Танки приближались к переднему краю. От их рева, от
грохота и лязга гусениц гудел надрывно воздух и жалобно
стонала земля. Когда Гончаров скомандовал Ткачуку
"Отставить", справа, в стороне монастыря, напротив НП
командира полка, раздалось несколько глухих взрывов мин.
Вслед за тем поднялась яростная артиллерийская пальба – это
вторая батарея вступила в бой с танками. Начало эту пальбу
орудие Федоткина, когда, как и на левом фланге, головной танк
наскочил на мину.
Глеб видел, как эти танки подорвались на минах, но
другие продолжали стремительный бег вперед. И что удивило
и встревожило командира полка, так это то, что первые залпы
орудий не причинили танкам никакого вреда. Не может быть,
чтобы наводчики мазали – Глеб видел, как снаряды попадали в
лобовую броню, а танки тем не менее как ни в чем не бывало
продолжали идти напролом. Один танк уже проскочил было
невредимым минированную полосу и устремился прямо к
подножию кургана. Но на этот раз посланный Петром
Цымбаревым снаряд оказался для него смертельным: он
прошил броню и разорвался внутри танка. Три танка уже
горели справа от кургана, один танк горел слева.

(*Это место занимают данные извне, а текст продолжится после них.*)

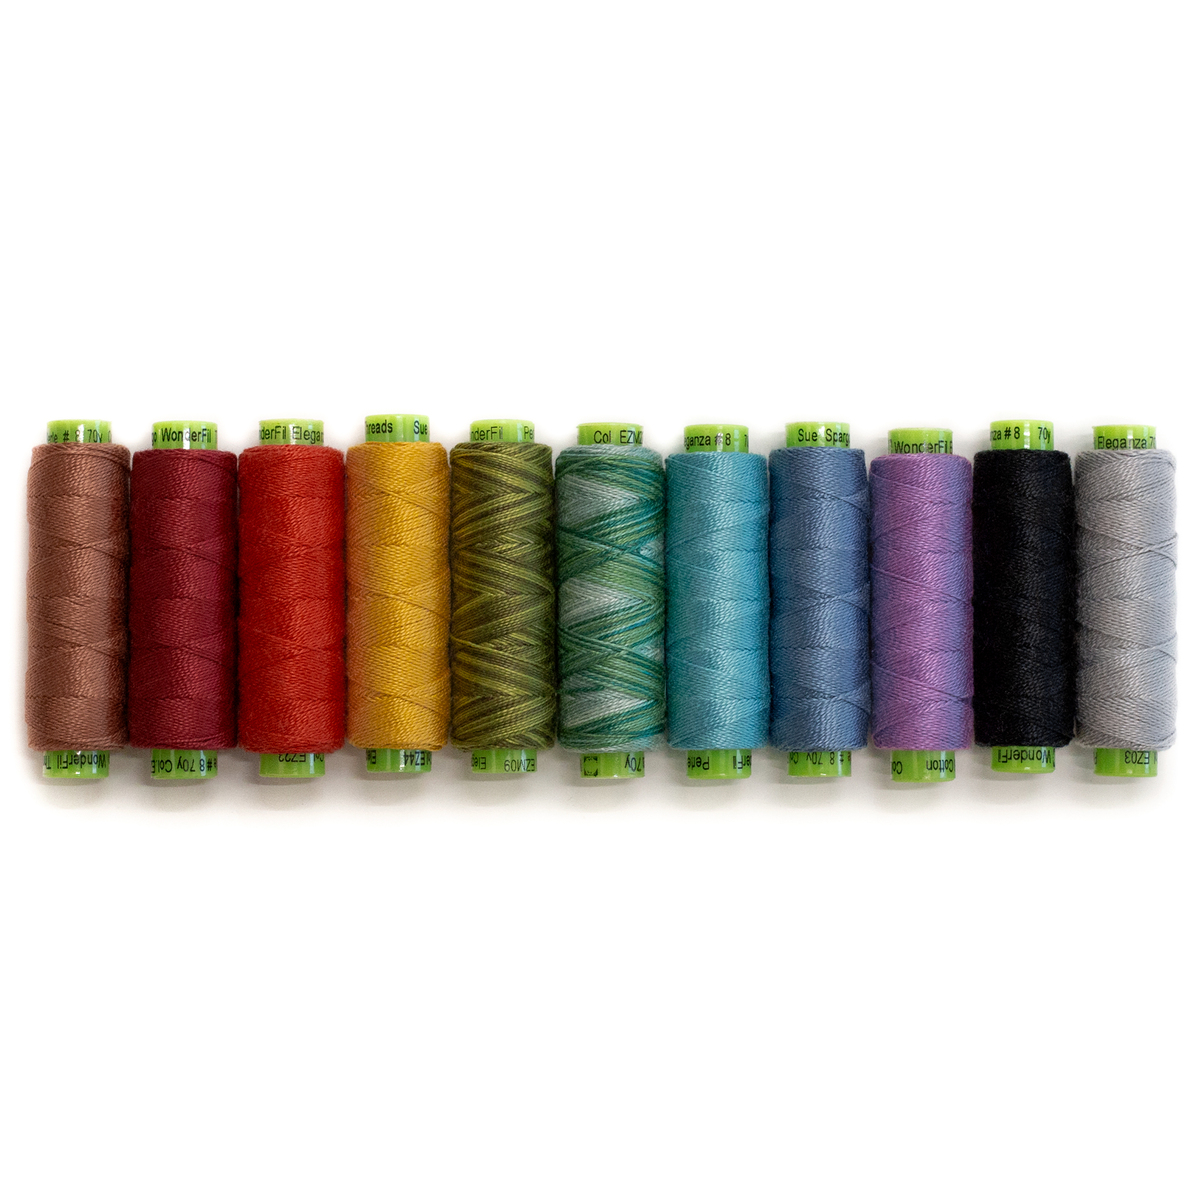 EMBROIDERY THREAD SET, STICKTWIST, Embroidery Thread, Thread for  Embroidery, Embroidery Set, Embroidery Thread Set, Thread Set, floral

И тогда
произошло нечто неожиданное: все танки, очевидно по единой
команде, повернули влево – на Багратионовы флеши и пошли
друг за другом, гуськом. Они решили таким образом
преодолеть минное поле. Лейтенант Гончаров в это время
находился возле орудия Тараса Ткачука, а танки шли прямо на
второе орудие, которым командовал старший сержант
Малахов. Огонь их пушек и пулеметов был сосредоточен на
Малахове. Малахов отбивался яростно, и один танк был
подожжен именно им, но вдруг его орудие замолчало...
Гончаров в тревоге подумал, что там что-то случилось, и
решил было уже бежать к Малахову, как в этот самый момент
раздался оглушительный взрыв здесь, у пушки Ткачука...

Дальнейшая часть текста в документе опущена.